According to Ms. Parker, the cases were forwarded to the Board of Commissioners after efforts to have the suppliers agree to voluntary compliance at the level of the Consumer Affairs Unit proved unsuccessful.
The errant suppliers were each instructed to refund various sums of monies to the complainants.
Selena Auto Sales was instructed to refund consumers Mr. Devon Chance and Savitri Bissondyal the sums of $686,100 and $790,000 respectively. In both cases the Commission found “there was a failure on the part of the supplier to permit the return of defective goods under Section 22 of the Consumer Affairs Act. The complainants were both sold Toyota minibuses which were defective.

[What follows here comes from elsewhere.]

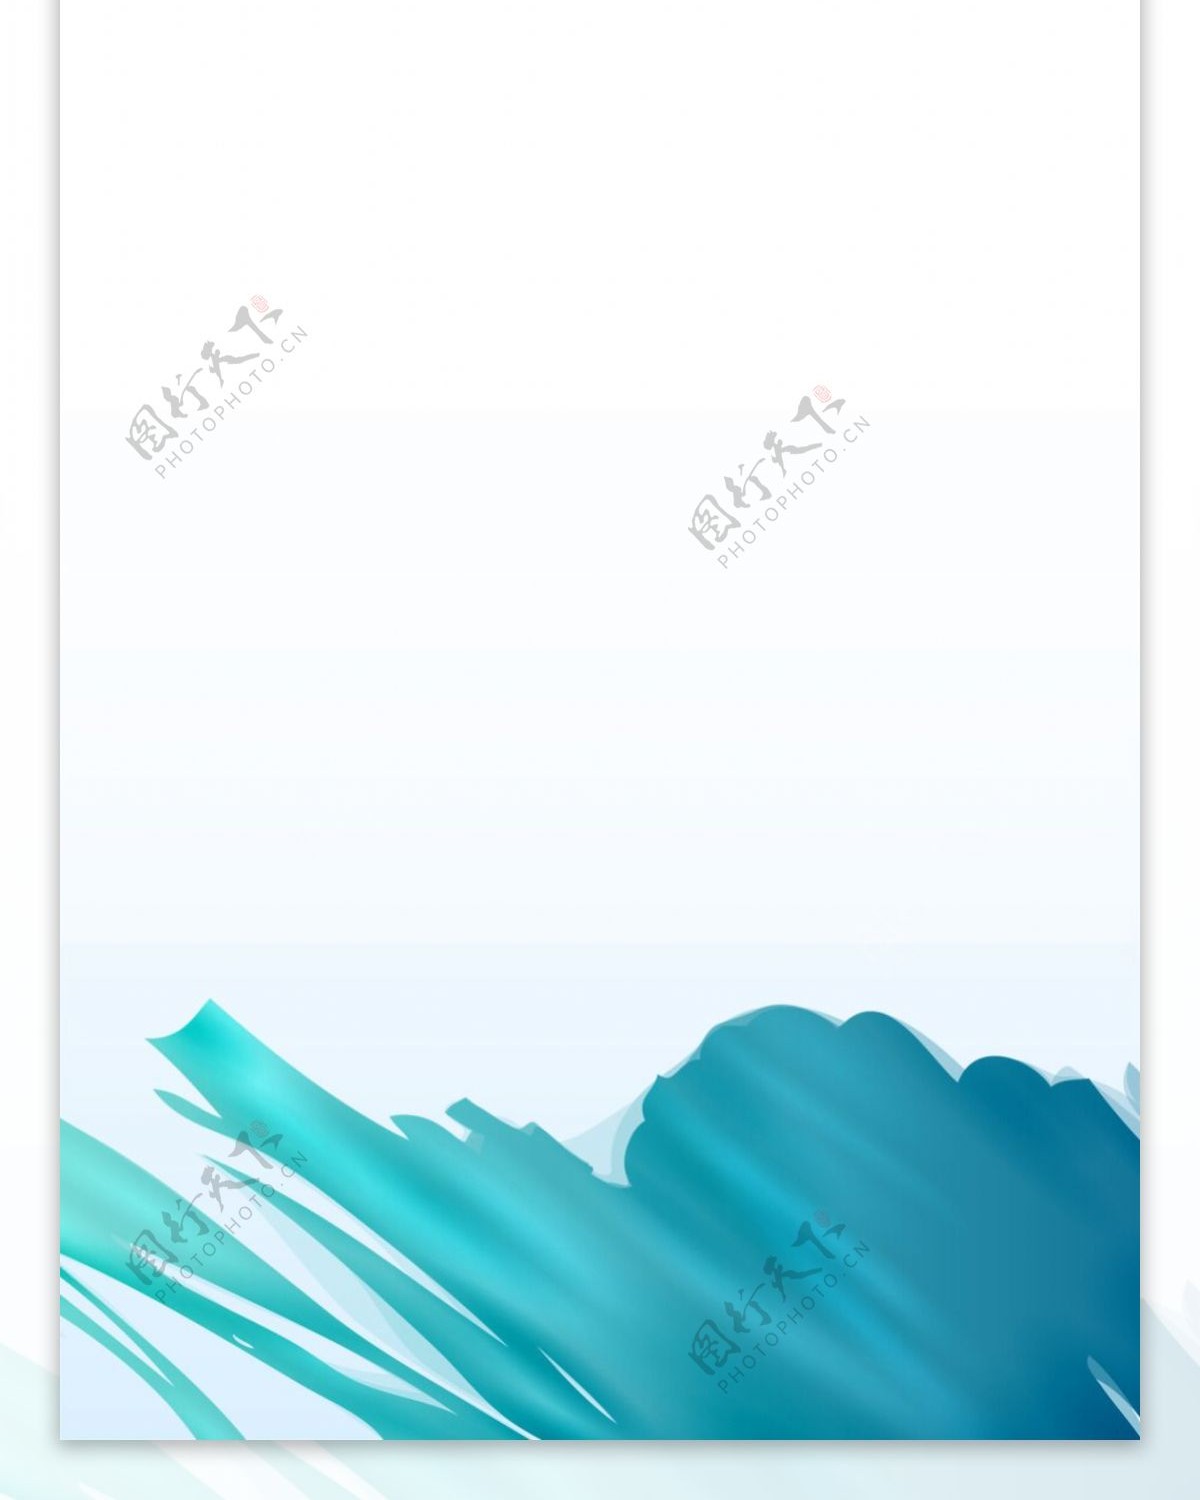 蓝色精美梦幻背景架设计模板素材海报画面

Triple “A” Furniture/Cassandra Wilson, was paid by consumer Devika Persaud for the purchase of a wardrobe which was found to be poorly constructed resulting in several defects.
Netsurf CCTV Security was instructed to refund the sum of $276,000 to Kurtis Davis for “acting unscrupulously by failing to supply goods as described, by supplying materially different goods from those ordered, and by failing to complete the installation of the security system competently.”
Building contractor Nazir Ali of Tuschen, East Bank Essequibo, even though paid, failed to complete construction work on the property of Shrijayanti Persaud.
Issac Investment sold a defective cellular phone to Shawn Singh and, contrary to the provisions of the Consumer Affairs Act, refused to refund the consumer the sum of $50,000 which was paid for the item.
One supplier has since honoured the ruling of the Commission and has refunded the sum of $22,000 to complainant Lisa Ramcharran, for unfinished decorative work at a wedding reception venue and church.
The accumulated sum to be refunded to the affected consumers, totals $788,000.
Failure to honour the ruling of the Commission within 28 days of the order results in the supplier being sued for compensation and that the Director of Public Prosecutions be advised to prosecute the suppliers for the offences committed under the Consumer Affairs Act.
The Competition and Consumer Affairs Commission was established in 2006 and became fully operational in 2010. The Commission functions objectively in executing the laws governing two acts, namely the Competition and Fair-Trading Act No. 11, 2006 (CFTA) and the Consumer Affairs Act No. 13 2011 (CAA).
The Commission is an Agency of the Ministry of Business.